Continuing with the process 200, at Step 211, a plurality of dies 222 is coupled with the roughened leadframe 220. Coupling of the plurality of dies 222 with the roughened leadframe 220 can be via wires 224 (as illustrated) or via metallic bumps (not illustrated). In some embodiments, the tape is removed prior to the Step 211. Alternatively, the tape is removed after the Step 211. At Step 213, molding is performed to encapsulate the plurality of dies 222 inside a second molding compound 226, which includes compound fillers 226a and compound resin 226b, to form a molded array 228. Circuitry is inside the second molding compound 226. In some embodiments, the second molding compound 226 and the first molding compound 206 are of the same material. Alternatively, the second molding compound 226 and the first molding compound 206 are able to be different to meet the demands of particular applications. By way of example, different molding compounds have different thermal characteristics such as thermal resistivity and thermal expansion. A magnified view is provided of the adhesion of the molding compounds 206, 226. The roughness 214 of the top surface the first molding compound 206 creates a locking feature for the second molding compound 226. A bottom surface of the second molding compound 226 conforms to the roughness 214 of the top surface the first molding compound 206. The molded array 228 includes a package/top side and an interfacing/bottom side.

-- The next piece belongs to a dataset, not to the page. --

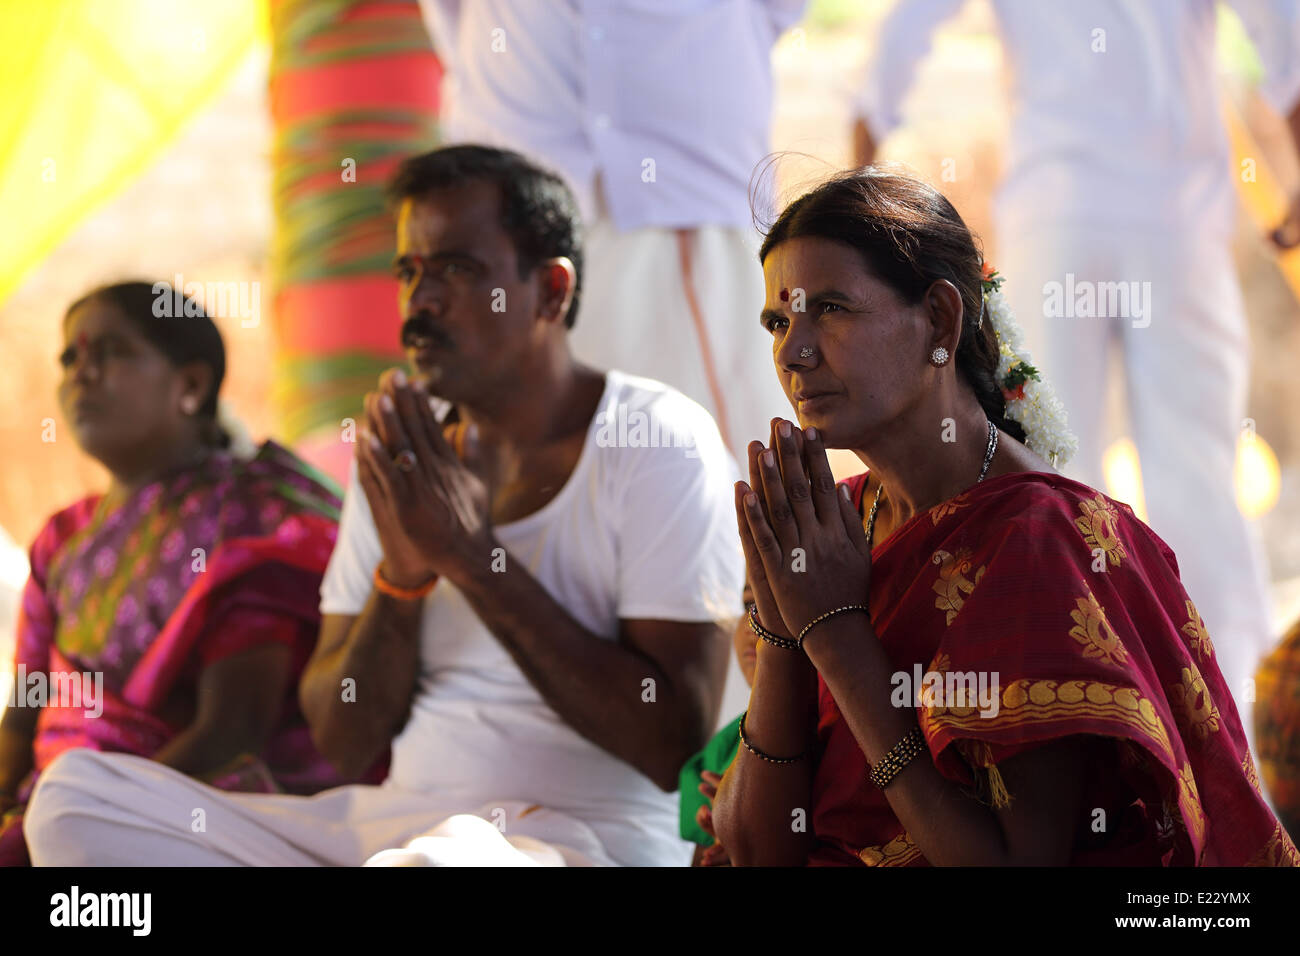 Les indiens au cours d'une cérémonie hindoue en Inde Banque D'Images

At Step 215, a cut through procedure is performed from the top side to the bottom side of the molded array 228 to form individual/discrete semiconductor packages 232. A tool 230, such as a saw, is used to fully cut the molded array 228 to singulate the semiconductor packages 232. Each of the plurality of semiconductor devices 232 is similarly configured at the semiconductor device 100. The singulated semiconductor packages 232 are generally tested, subjected to stress, and tested again to ensure reliability and to filter out non passing or non standard units.

Returning to FIG. 1, the unnatural surface roughness 106a of the top surface of the first molding compound 106 creates the locking feature to a following compound molding process. The first molding compound 106 comprises compound fillers 106a and compound resin 106b. The roughness 106a is created at least by the compound fillers 106a, which provides anchor points for the second molding compound 108. The adhesion between the two molding compounds 106, 108 is stronger than the adhesion when the top surface of first molding compound 106 is untreated (e.g., not roughened).

Although one package type is discussed above in FIGS. 1 and 2, different package types are contemplated and can be formed using the discussed molding compound surface preparation techniques. It should also be understood that even though the discussed molding compound surface preparation pertains to multi-molding compound layers, a surface(s) of a molding compound can also be prepared accordingly for adhesion with a metal layer. An exemplary molding compound to metal layer adhesion is discussed in the co-pending U.S. patent application Ser. No. 15/167,757, entitled “A Semiconductor Package with Plated Metal Shielding and a Method thereof,” filed on May 27, 2016, which is hereby incorporated by reference in its entirety.

The present invention has been described in terms of specific embodiments incorporating details to facilitate the understanding of principles of construction and operation of the invention. Such reference herein to specific embodiments and details thereof is not intended to limit the scope of the claims appended hereto. It is readily apparent to one skilled in the art that other various modifications can be made in the embodiment chosen for illustration without departing from the spirit and scope of the invention as defined by the claims.